In Mexico, it is typical to take off as long as you can on a holiday. If the holiday falls on a Thursday, then you of course take Friday off, too. What is the point of coming to work for one day? If possible, take Monday off too, because after partying too much you need the rest. Here in the US, the only Puente is on Thanksgiving weekend (my new favorite holiday) because sometimes, especially if you are in school, you can even take Wednesday off. But if the Fourth of July falls on a Thursday, tough luck, because you will be back to work on Friday, whether you have a hangover or not.

3. A hamburger is not only to be eaten on your birthday.

Growing up in Mexico I used get a hamburger on my birthday or some special event, either grilled at home or by going to an American restaurant. When I first came to the US, I learned that eating hamburgers is easily an everyday, not so unique event. Hamburgers quickly lost that special connection I had with them before.

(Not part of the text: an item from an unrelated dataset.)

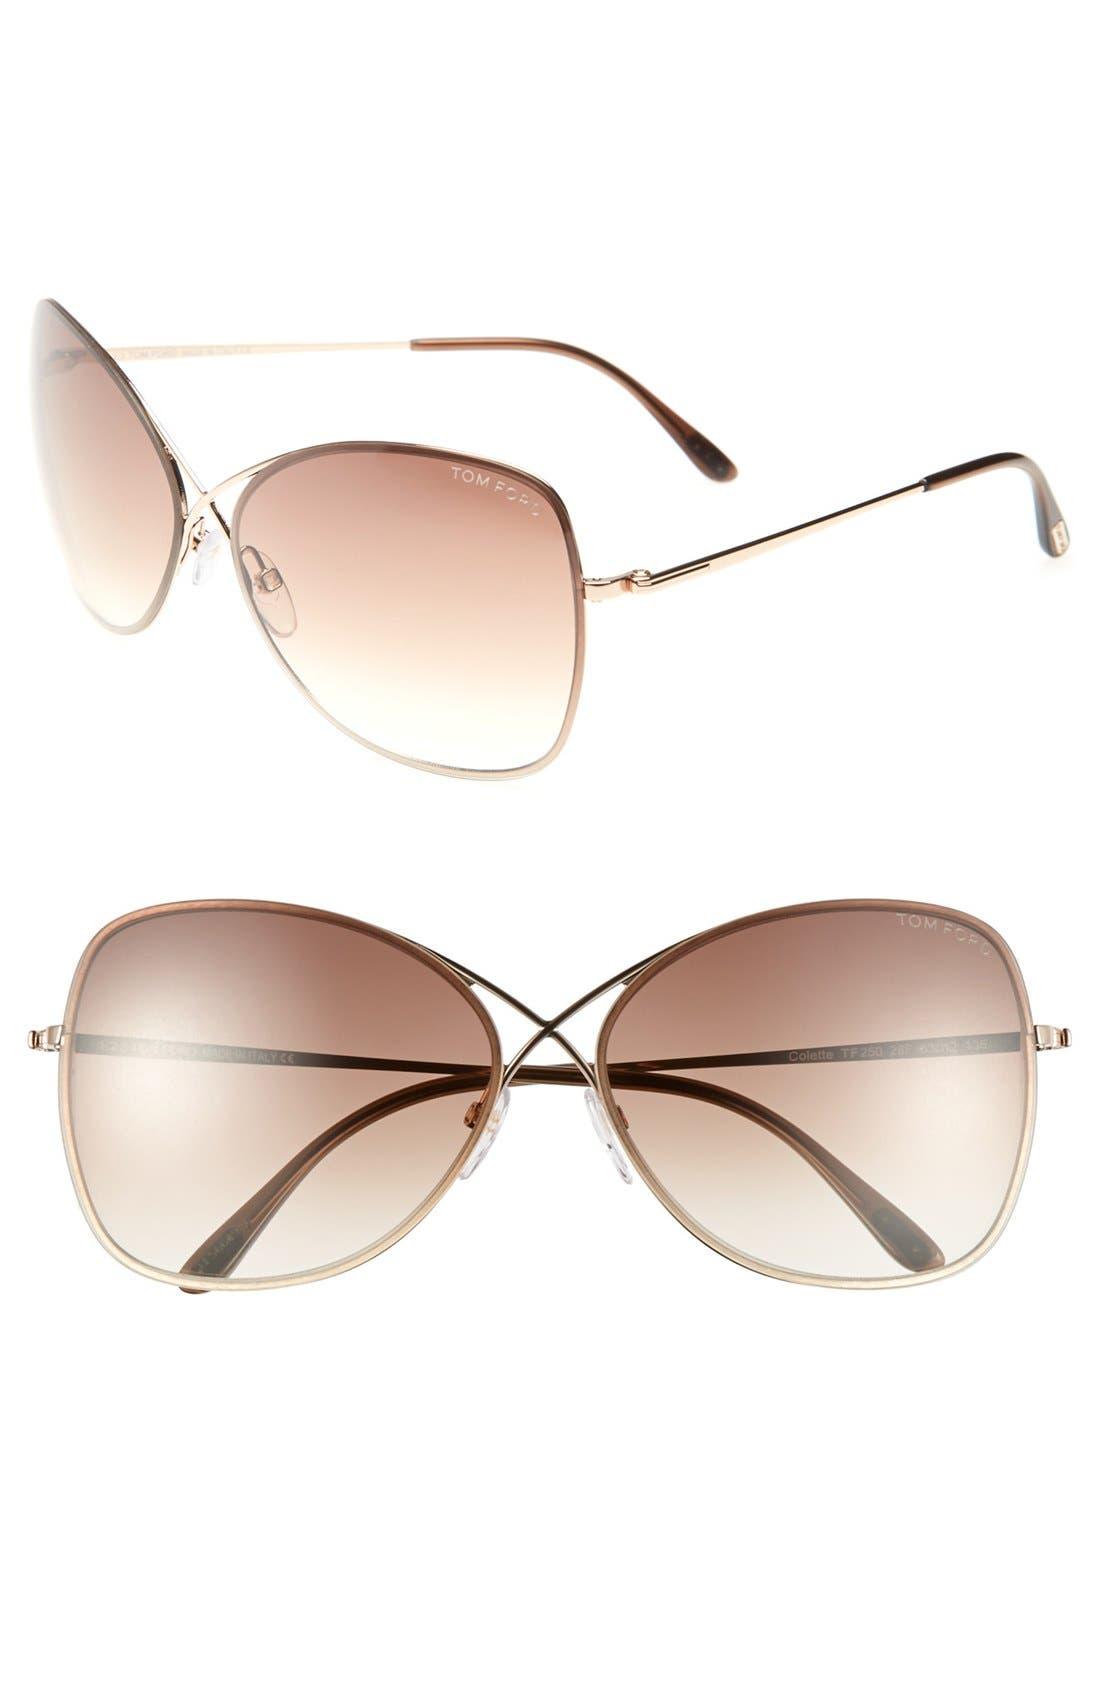 'Colette' 63mm Oversize Sunglasses,                         Main,                         color, Shiny Rose Gold/ Dark Brown

4. When you are not used to handling US change, it can be complicated.

When I moved to the United States, my cousin had given me a bag full of coins that I knew by their monetary value, .25c, .10c, .05c and .01c., but not by name. I had a layover in the Houston airport and I was hungry, so I stopped at the nearest food shop and ordered a hot dog and a Pepsi. I couldn’t understand what the lady at the counter had told me, so I just threw a bunch of coins on the counter. She counted them and told me: “You still need a penny.” I was going crazy — “What is a penny?” The man behind me threw a penny on the counter and the problem seemed fixed. I thanked him as if he had rescued my dog from a well. I was so embarrassed later that week when someone finally explained to me the value of a penny!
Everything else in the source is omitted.